I've an AC/DC inverter, a TecArc 165i (Looks right given TecArc's website) which is fantastic. It's about the size of a toaster, which is its nickname to me really, and I have no idea how they get 160A out of such a little box. I can't remember its duty cycle but I've never had it cut off on me. It also has hot start, has the capability of scratch TIG and is a joy to use.

I've also a Clarke 135TE, which is a MIG, runs dispo bottles and isn't too bad, although the wirefeed is plastic rollers and I feel it's not really got the control in that respect, although it does seem to lay down some ok welds for what I want/need in the garage.
Think I last used it about Jan '14 to finish the frame for my wood lathe, so that shows how often it gets pulled out.


----------



## dickm (2 Oct 2015)

Eric The Viking":awz0sie7 said:


> My 110V transformer does exactly that to the MCB on the workshop circuit. But not every time - I think it depends on the point in the AC waveform you plug it in - close to zero crossing and I get away with it.

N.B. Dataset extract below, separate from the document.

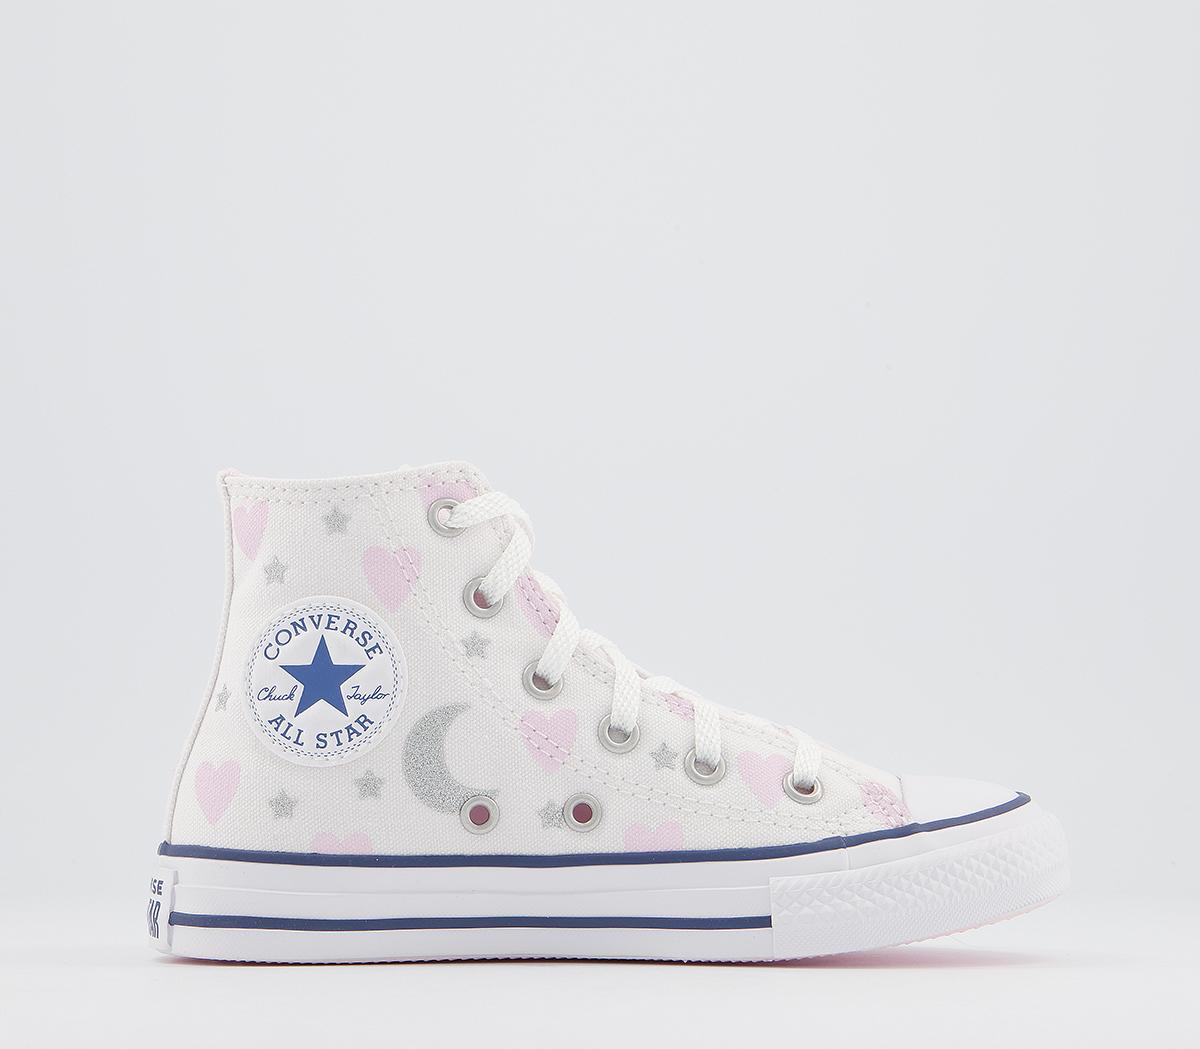 ConverseAll Star Hi Youth TrainersWhite Black Bold Pink Heart Moon
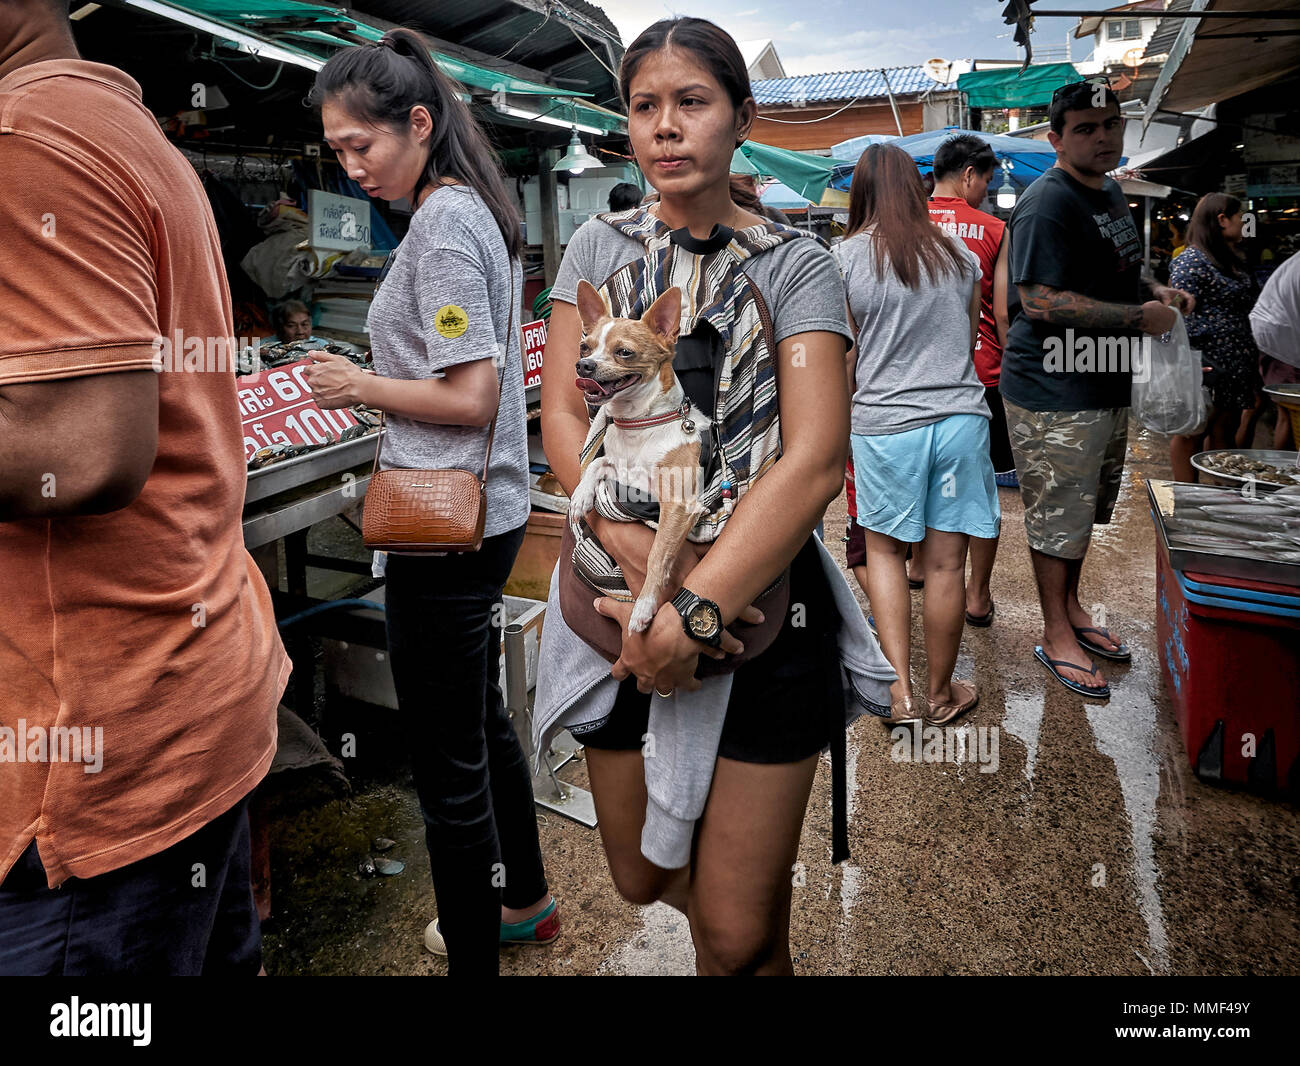 Woman carrying Dog. pet Chihuahua carried by owner through a street market. Thailand Southeast Asia Stock Photo

Spot on about the point in the waveform - that's what my colleague said, and who am I to doubt an eminent professor!


----------



## BillK (2 Oct 2015)

-Matt-":3qiv78z7 said:


> BillK":3qiv78z7 said:
> 
> 
> > We're taking it as read but avoid stick/arc, the low price can be tempting.
> ...



That's what I was saying, better hold out for a MIG than those 50-60 quid boxes which might be tempting because of price. Plus MIG's easy to start out with, my boy managed some not-too-bad welds after a few goes when he was 12. I had a 151Te, same feeling about that in that the feed wasn't that smooth, but they were lots less money when I got it. Did a good lot of work and was very portable.


----------